Dear tic member,
Please see the report from SIG MindSpore Data.
# MindSpore Data Special Interest Group (SIG)
This is the working repo for the Data special interest group (SIG). This repo contains all
the artifacts, materials, meeting notes and proposals regarding dataset - data processing
and mindrecord - data format in MindSpore. Feedbacks and contributions are welcome.

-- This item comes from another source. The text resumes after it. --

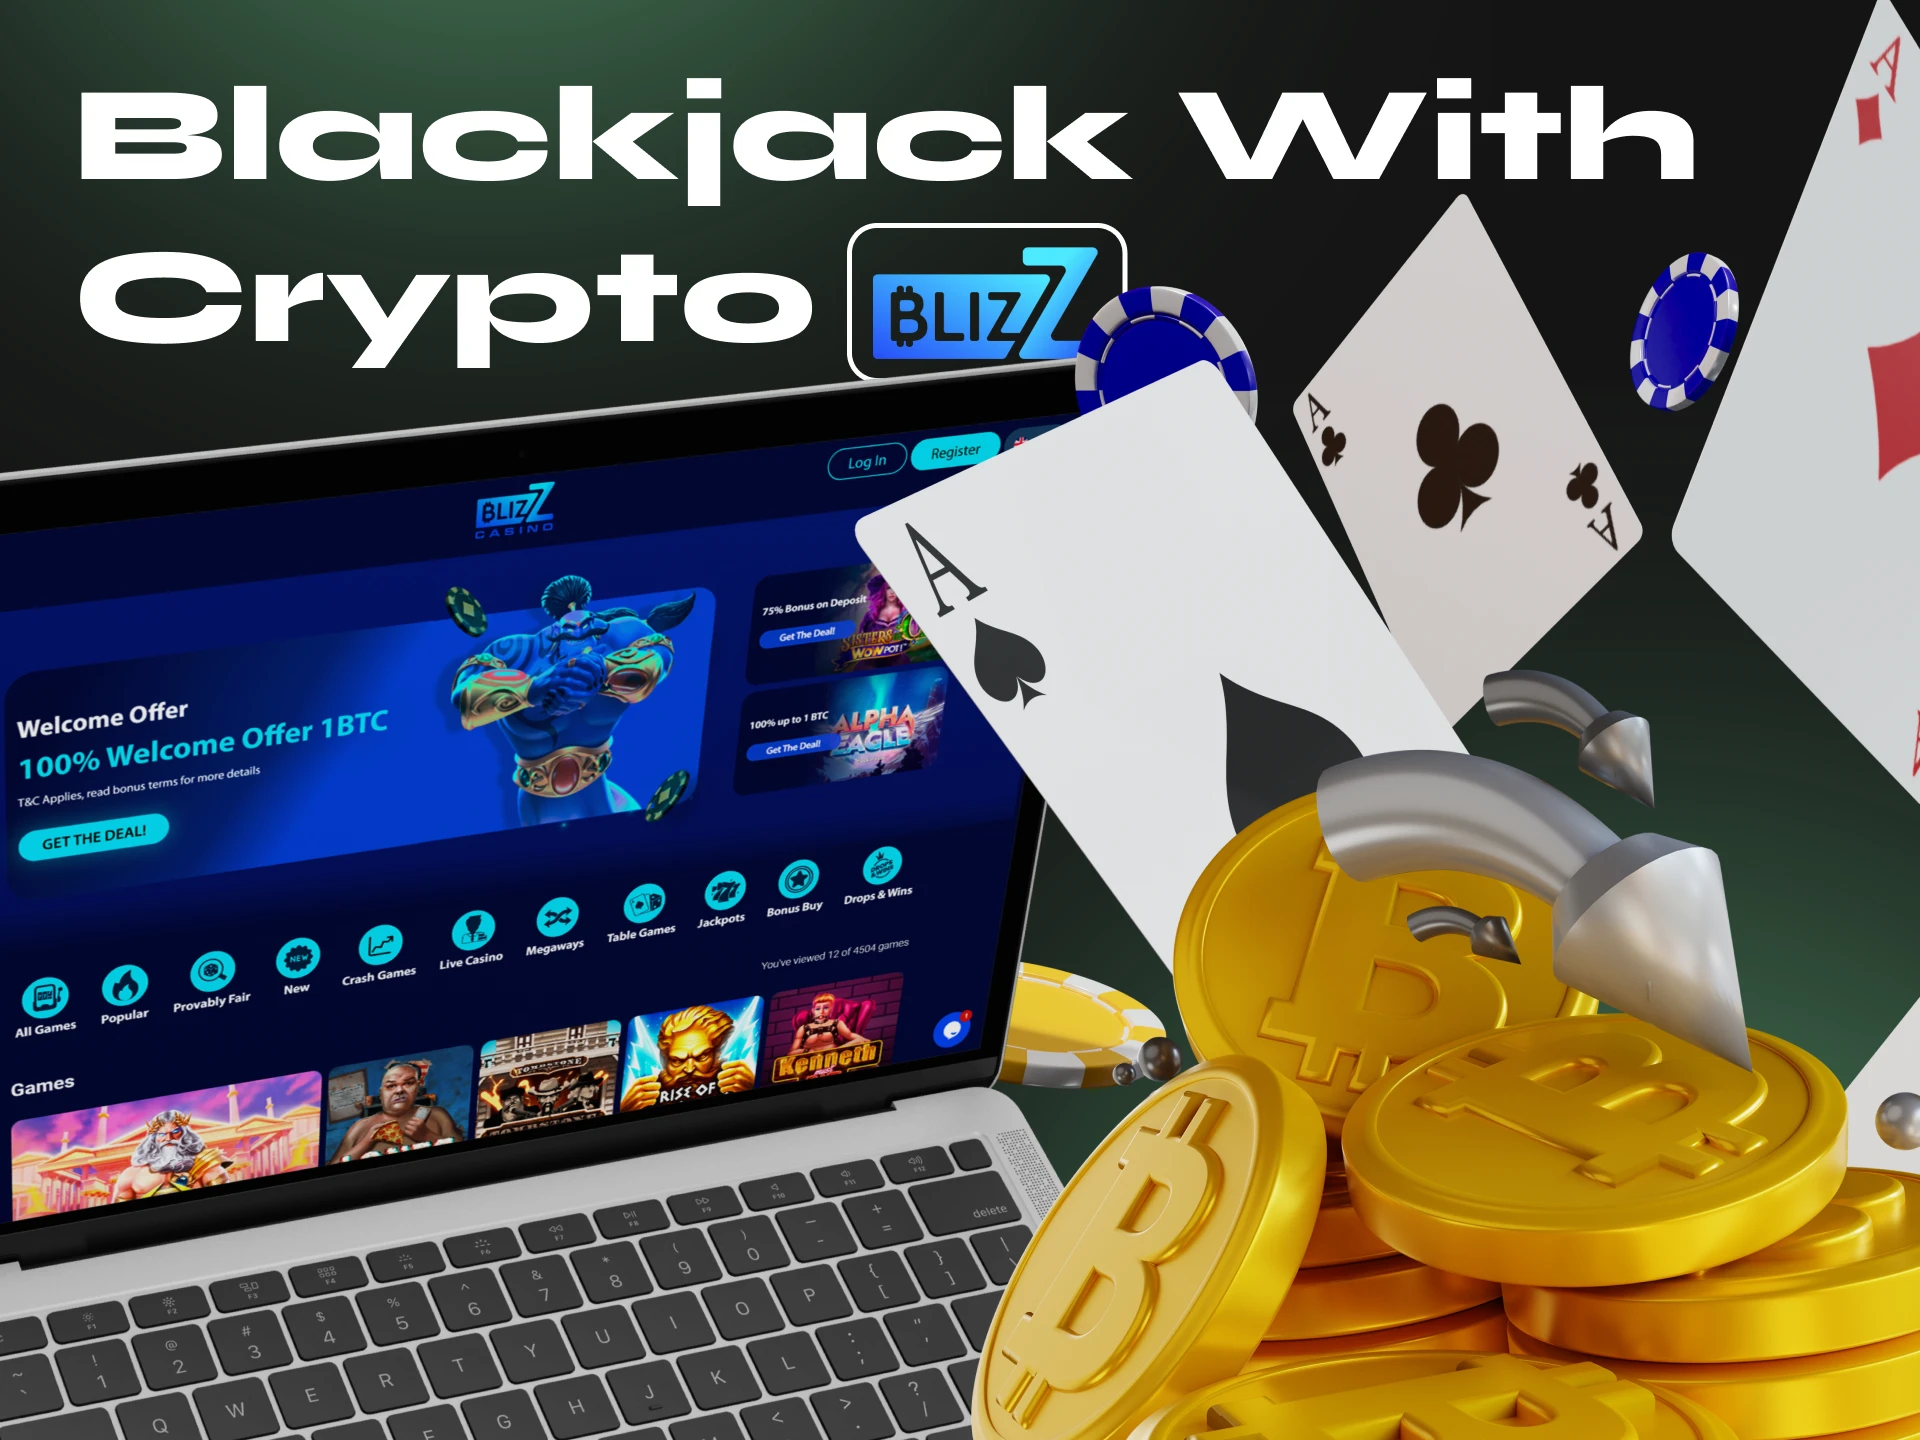 At Blizz Casino you can play blackjack using cryptocurrency.

Data Processing: You can understand it as a Dataset, which is mainly responsible for
reading the user's data into a Dataset, then performing related data enhancement
operations (such as: resize, onehot, rotate, shuffle, batch ...), and finally provide the
Dataset to the training process.
Data Format: It can conveniently normalize the user's training data to a unified
format (MindRecord). The specific operation steps are as follows: The user can easily
convert the training data into MindRecrod data by defining the training data schema and
calling the Python API interface. The format is then read into a Dataset through
MindDataset and provided to the training process.
# SIG Leads
Liu Cunwei (Huawei)
SIG leads will drive the meeting.
Meeting annoucement will be posted on our gitee channel:
Feedbacks and topic requests are welcome by all.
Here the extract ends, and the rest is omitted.